Drop Pokes to Dead Agents

Adds an interface between Ames and Gall that lets Gall tell Ames to drop an incoming %plea packet in case the plea targets an agent that isn't running. The sender will retry every two minutes indefinitely, so if the agent starts running, the %plea will eventually go through, with minimal state on the receiving ship.

Future

Arvo/Vere Error Handling

duration

TBD

owner

TBD

There are a number of cases where Arvo can crash in a way where it gets into an inconsistent state (e.g. Clay does not always handle Ames crashes properly) or gets stuck on something and fails to continue to make progress.

Future

Dropping Privileges

duration

TBD

owner

TBD

According to the principle of least privilege, each Vere process should only have privileges from the host operating system that it needs for normal operation. This is easier to understand, and likely easier to implement well, with multiprocess I/O.

Future

Forward Secrecy Ratchet in Ames

duration

3-6 Months

owner

TBD

Ames has no forward secrecy other than manual on-chain key rotation. This means if an attacker finds the symmetric key between two ships or one of the private keys, they could decrypt the whole history of communication between those ships.

Future

Logging

duration

TBD

owner

TBD

Adding a basic logging system to Urbit (probably logging to files as a first step, or maybe syslog) would reduce hosting costs, improve release cycle times, and reduce the amount of time it takes devs to debug live ships.

Future

Multiprocess Event Log

duration

TBD

owner

TBD

Similarly to breaking up the Urth process, we should split event log reading and writing into its own process, which will communicate with the Mars Nock runner process.

Future

Multiprocess I/O

duration

2-3 Months

owner

TBD

We intend to split the Urth I/O process into multiple processes -- one dispatcher process and one process for each I/O driver.

Future

Network DoS Protection

duration

TBD

owner

TBD

A standard protection against DDoS attacks is to track and rate-limit IP addresses sending malicious packets.
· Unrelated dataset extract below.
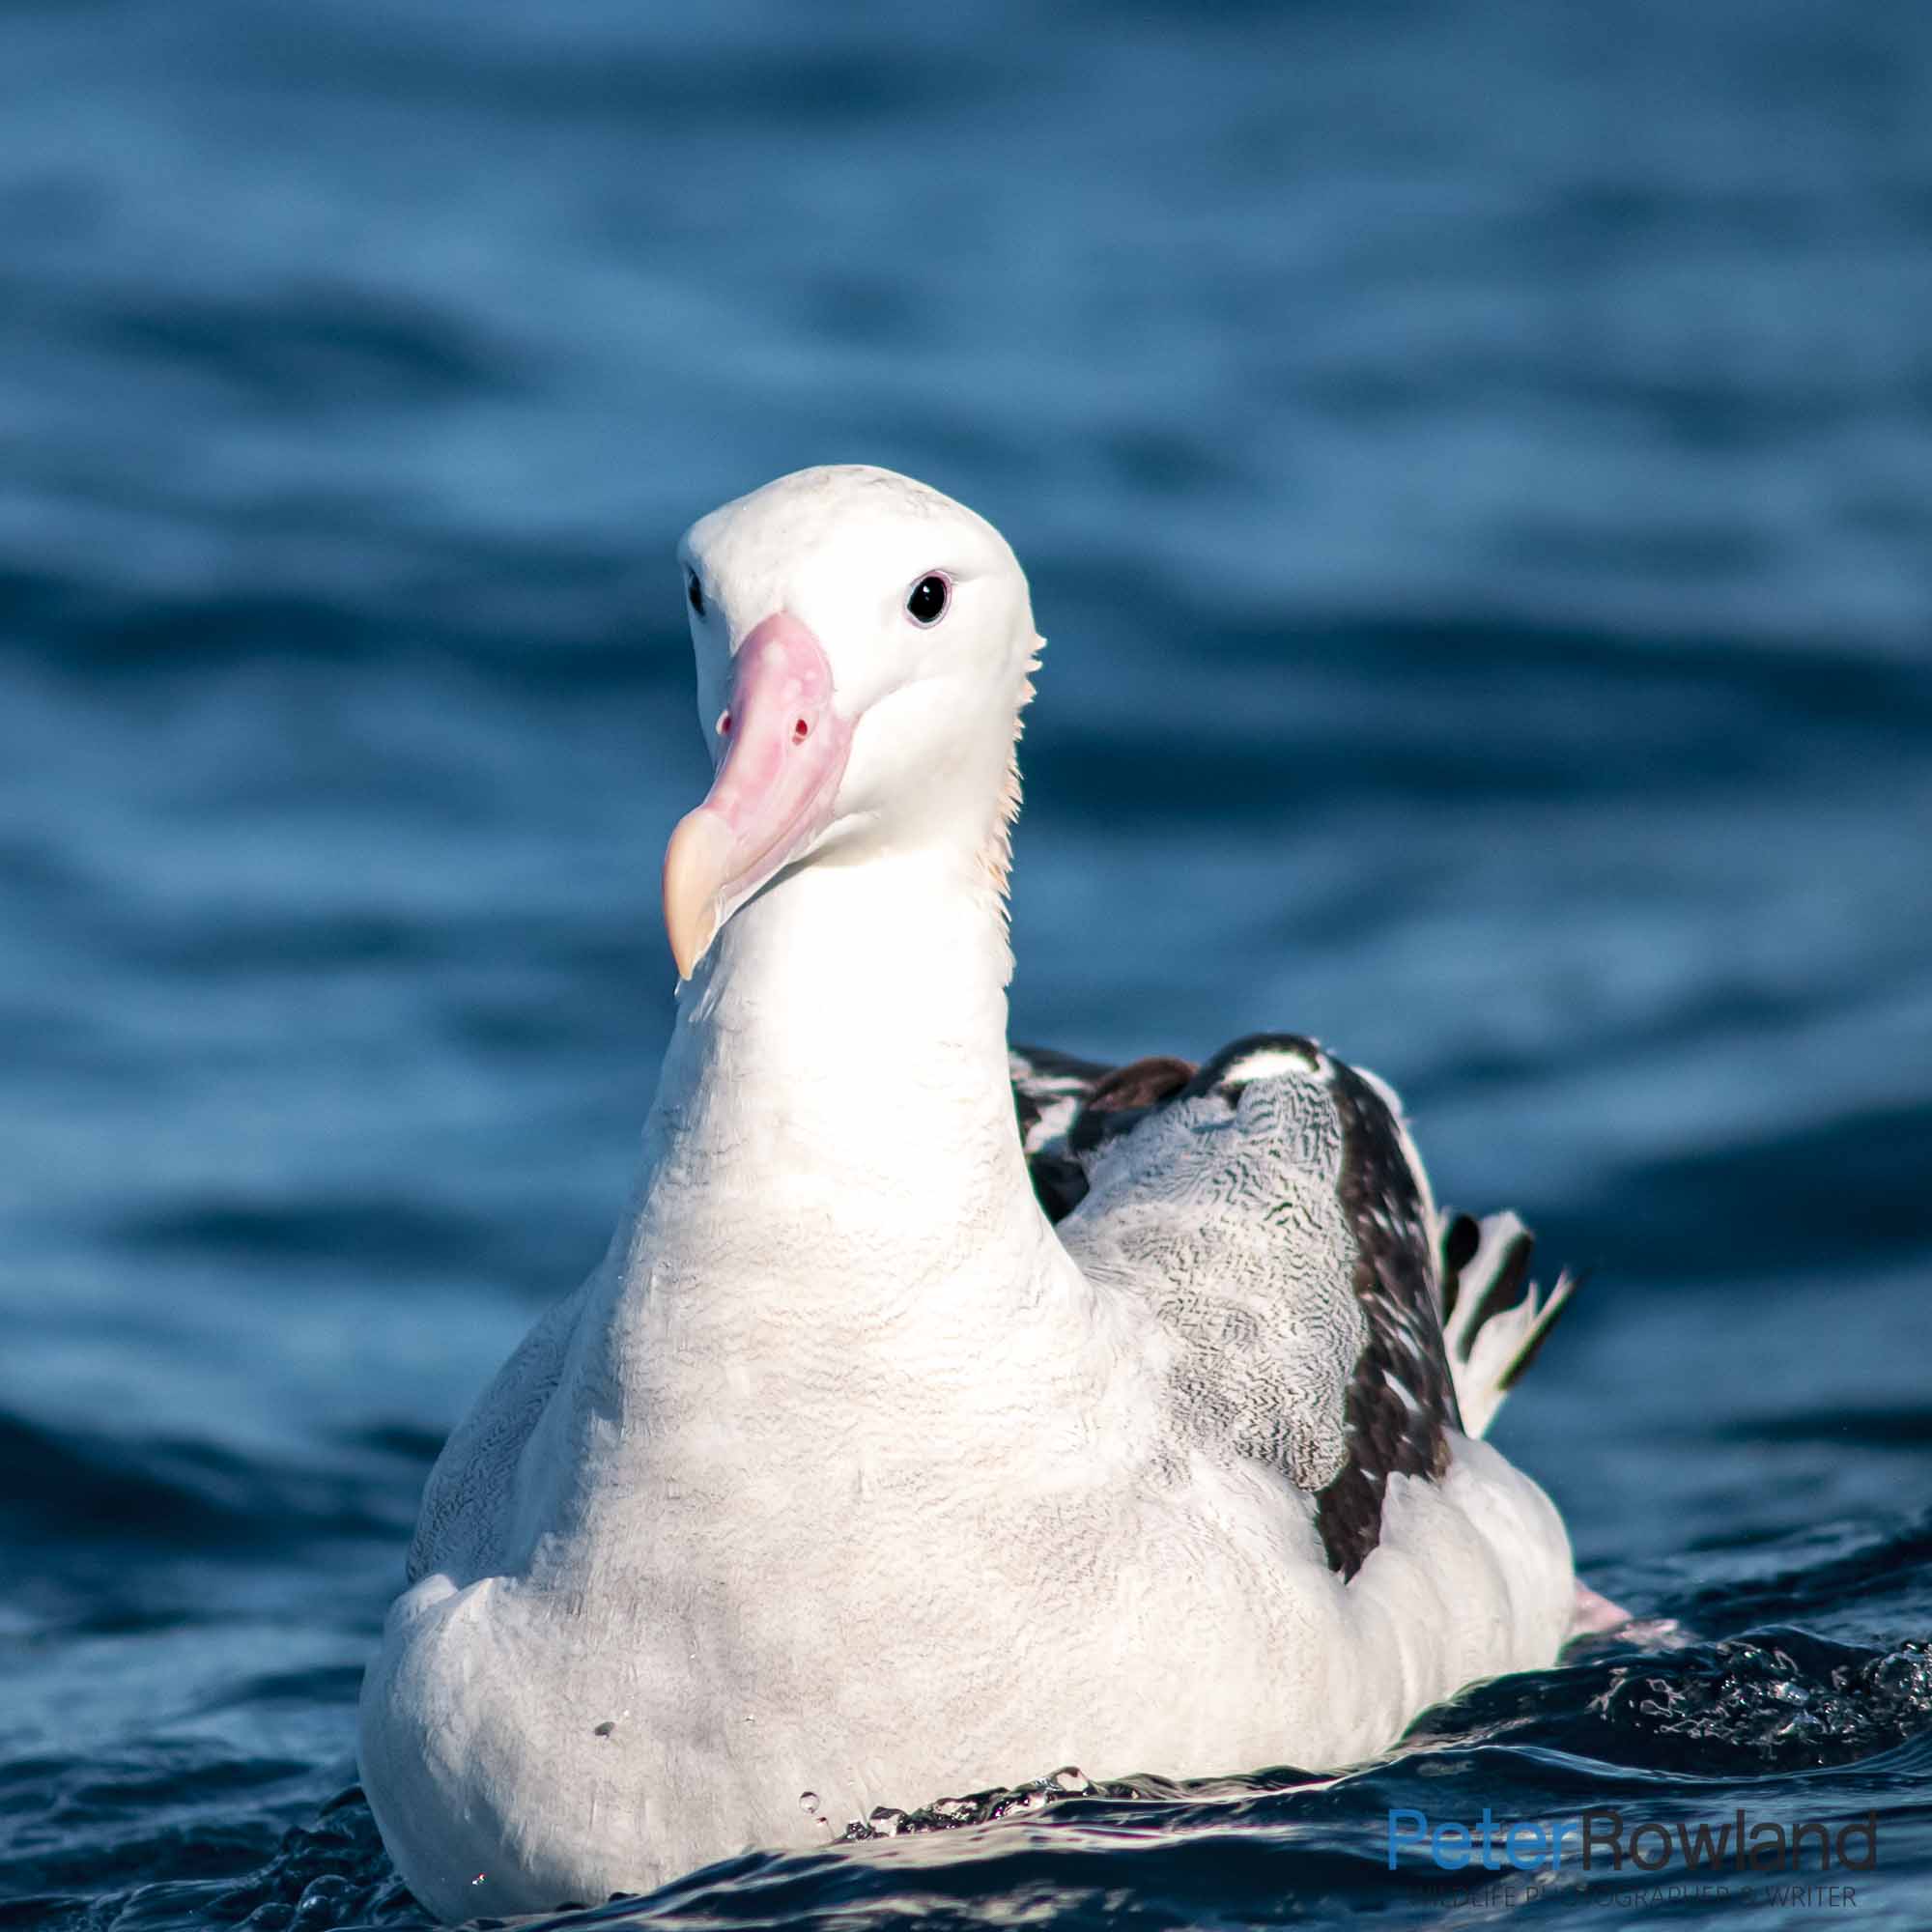 A Wandering Albatross swimming in open ocean

A basic version of this functionality could be added to Vere without too much trouble and give Urbit a modicum of DoS resilience.

Future

Outer HMACs on Packets for DDoS Protection

duration

1-3 Months

owner

TBD

Ames packets need to be decrypted to be authenticated. Wrapping the packet in an HMAC would let the receiver discard unauthenticated packets faster, improving DoS resilience.

Future

Zapgal Security

duration

1 Month

owner

TBD

Turning off the `!<` ("zapgal") rune in userspace will reduce the security attack surface of the kernel, reducing the kernel's vulnerability to attack by malicious applications.